The first is that innovation can come from without as well as within. Apple is widely assumed to be an innovator in the tradition of Thomas Edison or Bell Laboratories, locking its engineers away to cook up new ideas and basing products on their moments of inspiration. In fact, its real skill lies in stitching together its own ideas with technologies from outside and then wrapping the results in elegant software and stylish design. The idea for the iPod, for example, was originally dreamt up by a consultant whom Apple hired to run the project. It was assembled by combining off-the-shelf parts with in-house ingredients such as its distinctive, easily used system of controls. And it was designed to work closely with Apple's iTunes jukebox software, which was also bought in and then overhauled and improved. Apple is, in short, an orchestrator and integrator of technologies, unafraid to bring in ideas from outside but always adding its own twists.
This approach, known as "network innovation", is not limited to electronics. It has also been embraced by companies such as Procter & Gamble, BT and several drugs giants, all of which have realized the power of admitting that not all good ideas start at home. Making network innovation work involves cultivating contacts with start-ups and academic researchers, constantly scouting for new ideas and ensuring that engineers do not fall prey to "not invented here" syndrome, which always values in-house ideas over those from outside.
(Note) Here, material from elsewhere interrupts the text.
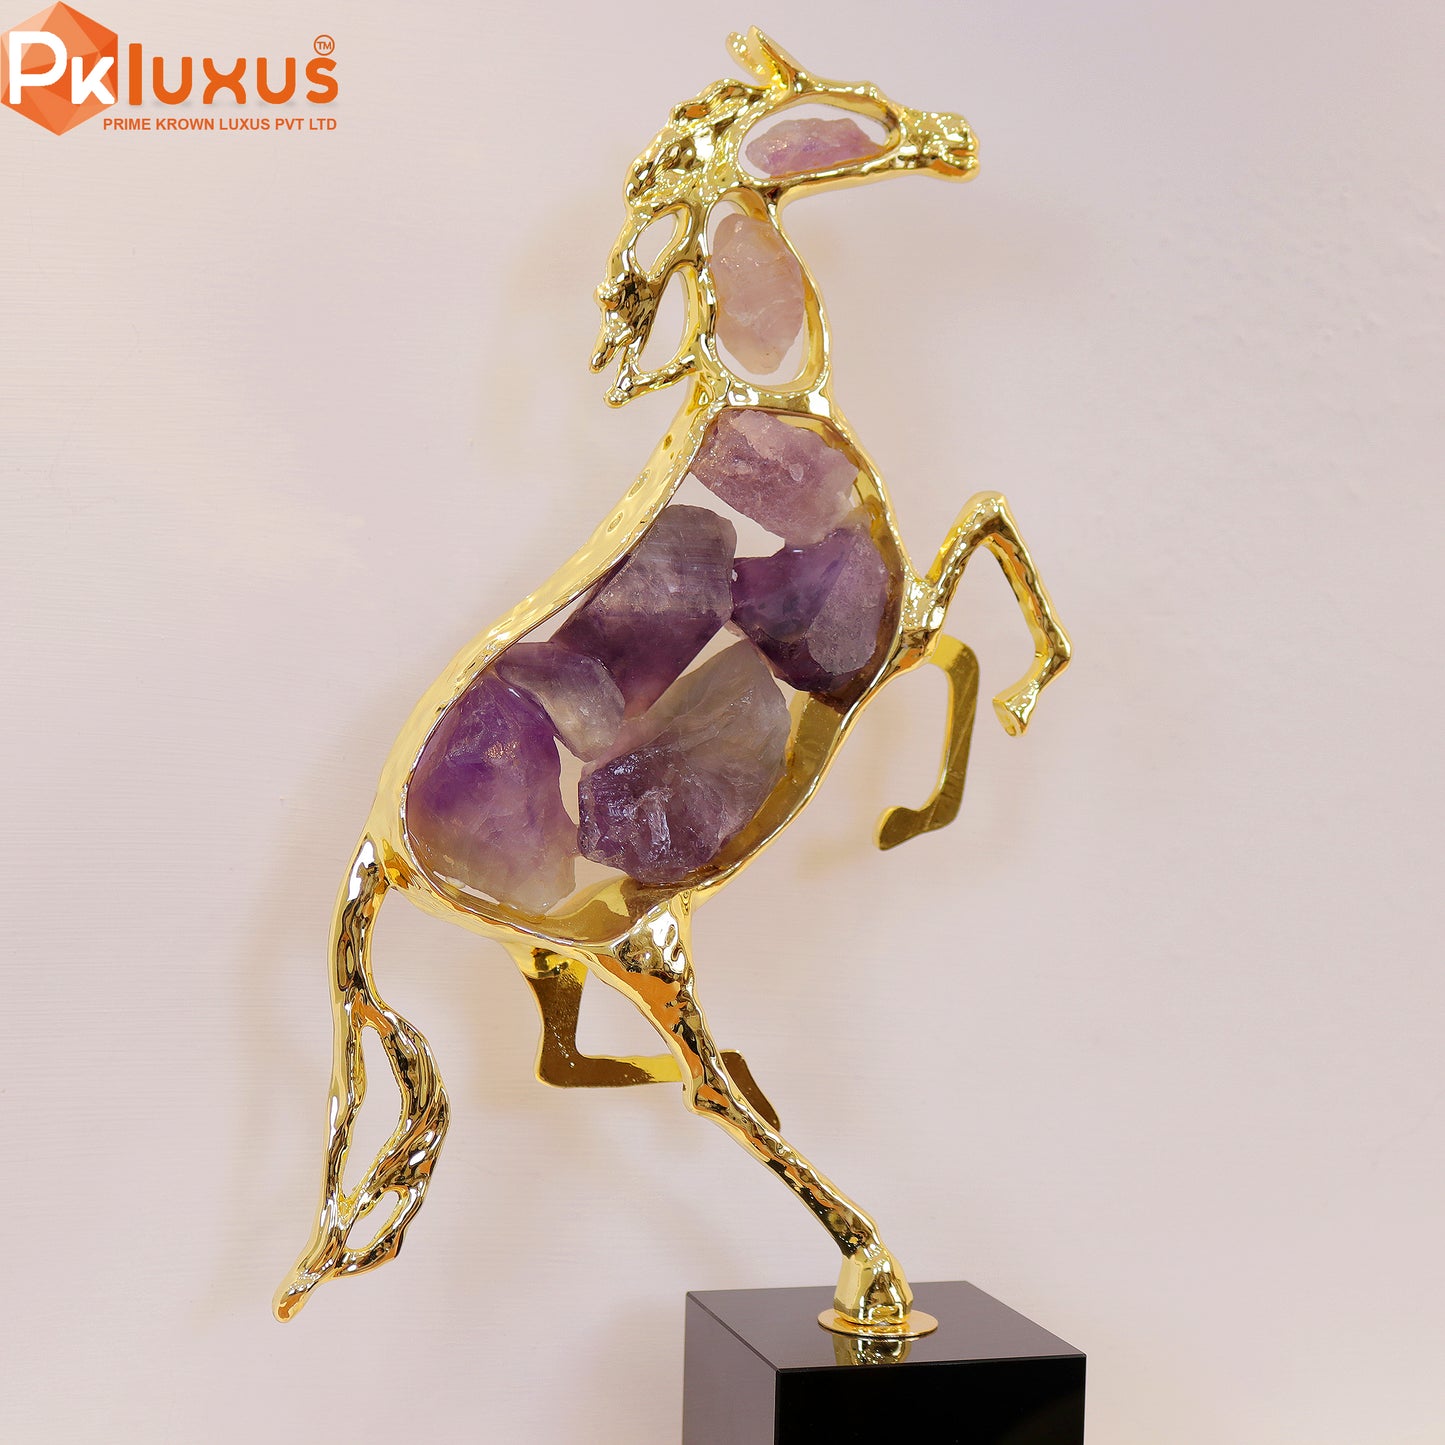 Luxury Gold Inlay Natural Glazed Stone Horse Statue By PK LUXUS™ - PK LUXUS

Second, Apple illustrates the importance of designing new products around the needs of the user, not the demands of the technology. Too many technology firms think that clever innards are enough to sell their products, resulting in gizmos designed by engineers for engineers. Apple has consistently combined clever technology with simplicity and ease of use. The iPod was not the first digital-music player, but it was the first to make transferring and organizing music, and buying it online, easy enough for almost anyone to have a go. Similarly, the iPhone is not the first mobile phone to incorporate a music-player, web browser or e-mail software. But most existing "smartphones" require you to be pretty smart to use them.
Apple is not alone in its pursuit of simplicity. Philips, a Dutch electronics giant, is trying a similar approach. Niklas Zennstrom and Janus Friis, perhaps the most Jobsian of Europe's geeks, took an existing but fiddly technology, internet telephony, to a mass audience by making it simple, with Skype; they hope to do the same for internet television. But too few technology firms see "ease of use" as an end in itself.
What is the main idea of the passage?
A. To show that Apple is the leader in innovation.
B. To share Apple's experience in pursuing innovation.
C. To introduce the history of Apple's development.
D. To introduce Apple's competitive edge in digital industry.